User:Purple Wrench/Homestar Offsite
From Homestar Runner Wiki
Here you will find an HTML list comprised of all files on the various official Homestar Runner websites. This allows you to download each entire website with minimal effort, but retain the browsing experience as much as possible. For example, this would make it possible to put homestarrunner.com on a CD-ROM for offline use. This page has a similar purpose to User:Nerd42/List and is equally compatible with DownThemAll, but has a much larger scope, including all secret pages (and a few which the wiki has not yet documented).
Please read the instructions before attempting to use these lists.
Contents |
Instructions
- Using Firefox, go to the DownThemAll add-on page and download it.
- Customize the Firefox toolbar to include a DownThemAll button.
- Go to one of the website links below and copy the HTML code you see inside the box. NOTE: Do NOT view the source page, as it uses templates to display the code.
- Paste the HTML code into a text editor and save it as a .html file on your computer. NOTE: If you have a text editor that only supports 64KB files or less, you will need to download a better text editor. This will most likely not be a problem for most users.
- Open the .html file in Firefox and click on the DownThemAll button.
- In the "Save Files In:" section, choose a directory where you want to save the files.
- In the "Filters" section, uncheck everything and then check "All Files".
- Make sure nothing is selected in the "Fast Filtering" section.
- In the "Renaming Mask:" section, clear the text box and paste the following (without quotes):
- If you have Windows, use "*subdirs*\*name*.*ext*"

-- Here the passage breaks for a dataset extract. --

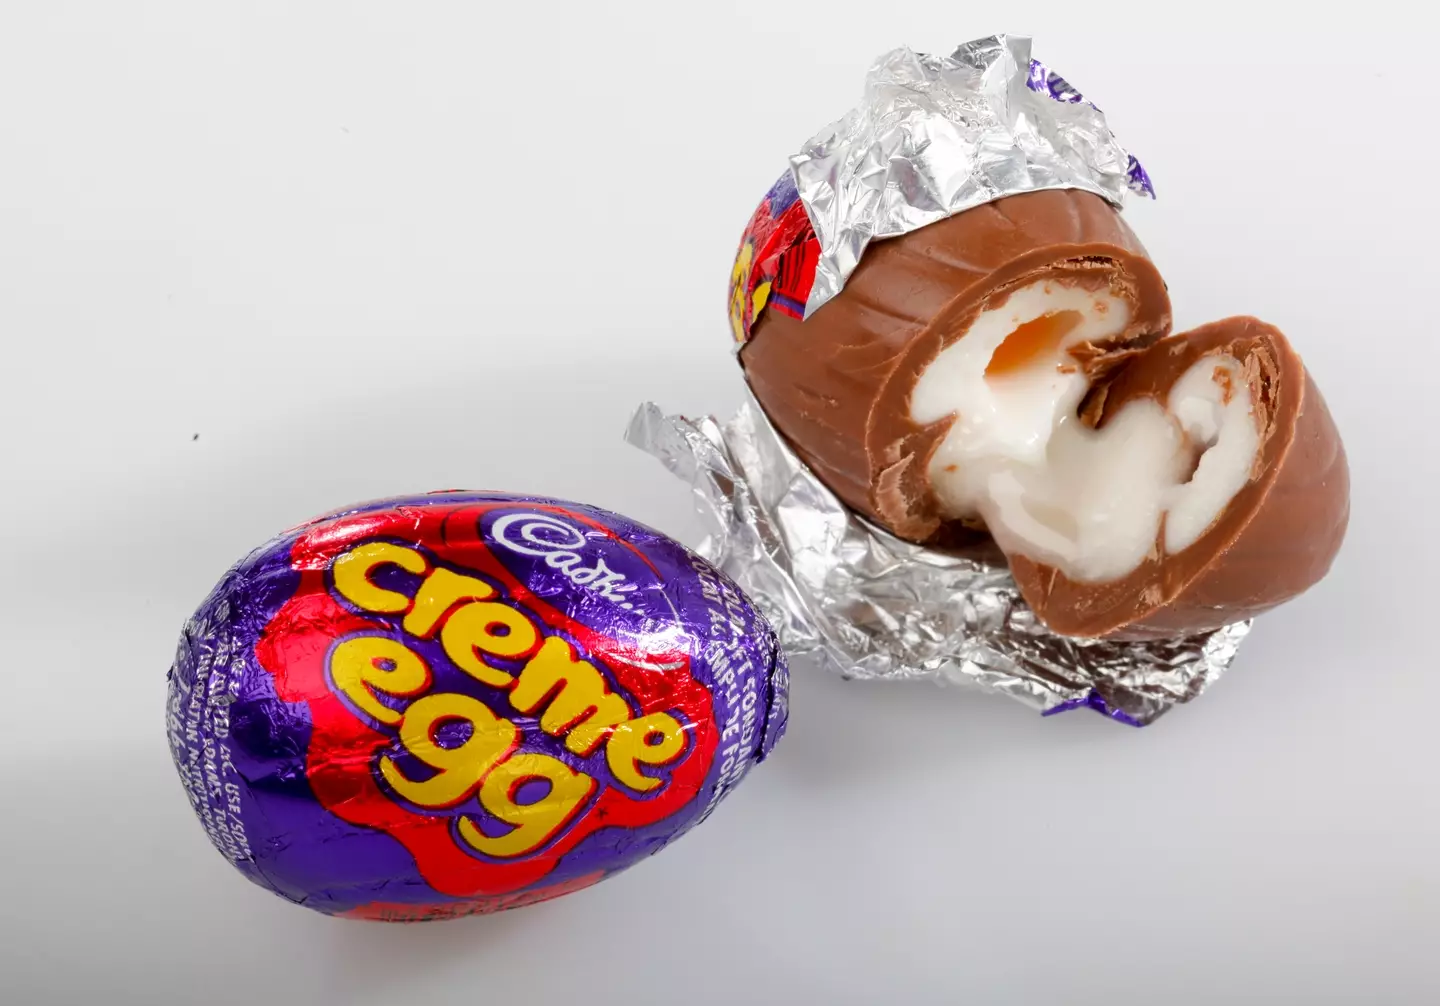 Pool stole 200,000 Cadbury's Creme Eggs.

- If you have Mac or Linux, use "*subdirs*/*name*.*ext*"
- Click "Start!" and wait a few minutes.
- Eventually all files should be downloaded in the directory you specified. Files in subdirectories on the website will now be in subfolders of the directory.

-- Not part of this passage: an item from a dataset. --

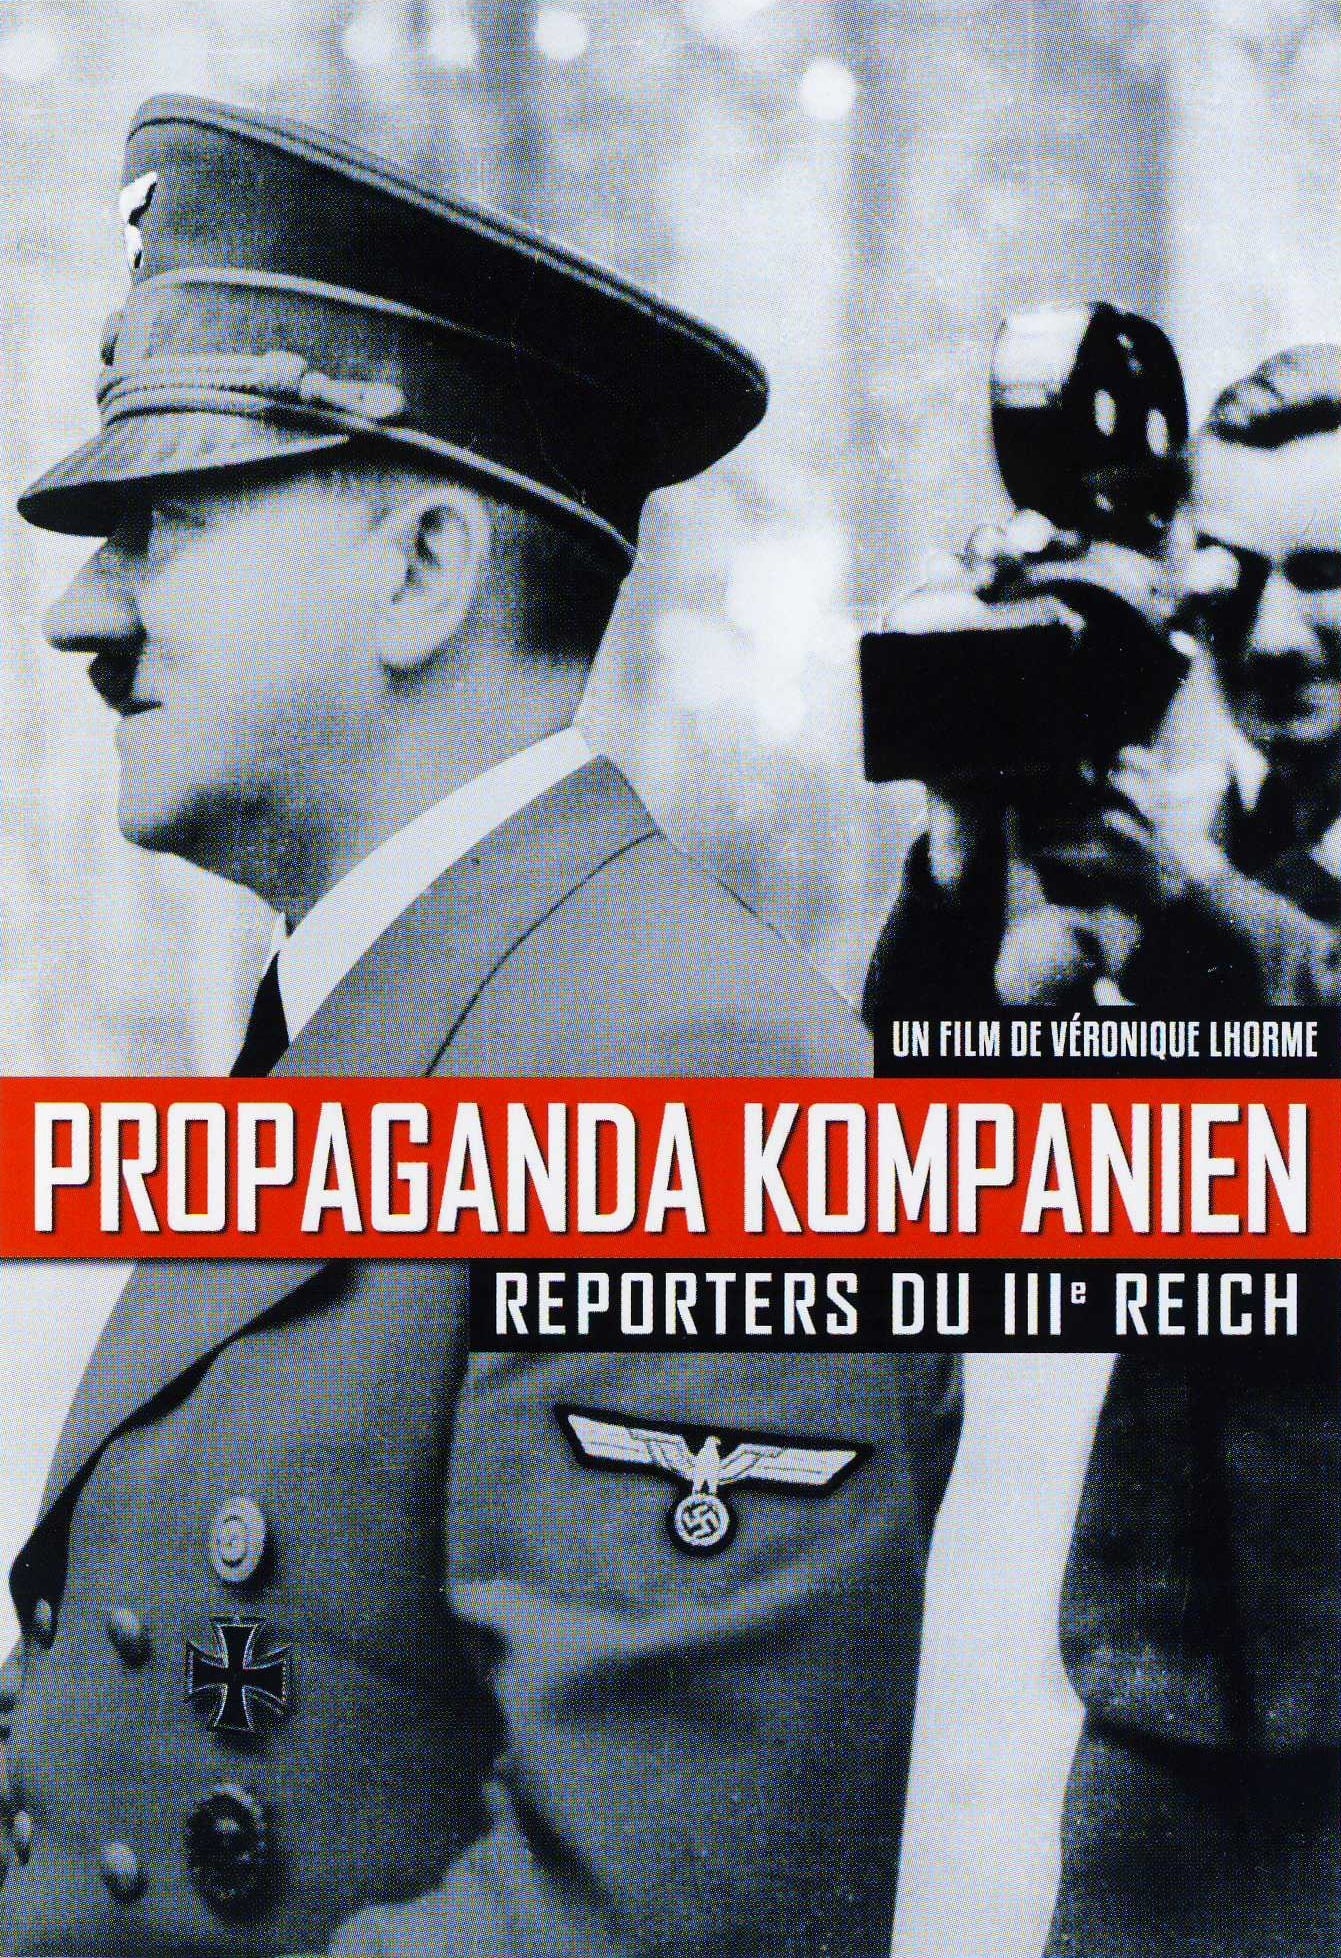 Propaganda Kompanien, reporters du IIIe Reich

- Open the directory you specified and open "index.html" to start browsing.
Issues
If you find any issues when using these lists, please discuss them on the talk page. If the issue can be confirmed it will be posted here.
- Flash and JavaScript are used a lot in these pages. Sometimes Flash links or JavaScript links will be blocked by the browser. For example, I was not able to get the pop-up in crazy cartoon for the AIM icons to appear.
- The favicon does not work.
- I have "flagged" a few files which are not included in the lists below. On homestarrunner.com, they include a low-level file that is often blocked by web browsers; the regionally-visible files from April Fools' 2006; and the original version of Who Said What Now?. None of these are actively linked to on the website.
Websites Listed
- www.homestarrunner.com - list is 180KB, site is approx. 520MB, updated 25 Dec 2016
- podstar.homestarrunner.com - will be added if there is enough interest
- www.videlectrix.com - will be added if there is enough interest
- www.thoraxcorp.com - will be added if there is enough interest
www.homestarrunnerstore.com- site closed before I had the chance; please see archive.org instead
How I Did This
It's not easy to find a surefire way to identify every file on a website. Sitemap generators are great when the site uses HTML links predominantly, but homestarrunner.com links almost exclusively are embedded in Flash files. As a result, most sitemap generators stop at the Index Page. Google's search results provide a better solution, but it's difficult to pull those results into a complete list (even though Google supposedly allows that to be done using the Spreadsheets app).
The best solution, if you're willing to use outdated results, is archive.org. I typed in "http://www.homestarrunner.com/*", which retrieves all files found in the www hostname of homestarrunner.com. The archive returned over 10,000 different URLs. I saved the source code of the page to a file (which was 3MB alone) and searched it for text enclosed by "<a href= ... >" and "</a>", which returned the actual URLs rather than their archive.org mirrors.
4,000 of the URLs were obviously wrong, so I eliminated them. I pasted the rest into an Excel spreadsheet and wrote a macro to specify if each one was a valid URL or not.
Under normal circumstances, an HTML request that does not find a valid URL returns code 404. However, homestarrunner.com generates a 404'd page every time an invalid URL is found, and that custom 404'd page is valid, so the request returns 200 like every other page. Instead of checking the HTML request, the macro checks whether the text "404error.swf" is found, meaning that it must be an invalid page. Non-HTML files are treated as an exceptional occurrence, meaning that the macro was very sluggish. That said, it was able to reveal that, out of the remaining 6,000 URLs, about 1 in 3 were valid.
I then took all of the valid URLs and, by hand, labeled them by name (or category, in cases like Menu Previews and Fan Stuff) and extension. This allows them to be organized in a more meaningful manner, and allows new URLs to be added much more easily.
I converted the spreadsheet to a plain text document, and wrote a quick program to format its contents using HTML code. The program also gave each name/category its own heading, allowing multiple files with the same name to be grouped together. As I said previously, this makes it easier to add new URLs, and I quickly realized that when I tried downloading the site and found that the 2014 Toons had no Menu Previews. Manually adding the four remaining menu previews was only as difficult as finding their names and putting them in their correct order alphabetically under "Menu Previews".
Enjoy! -- ■■ PURPLE WRENCH ■■ 19:21, 22 February 2015 (UTC)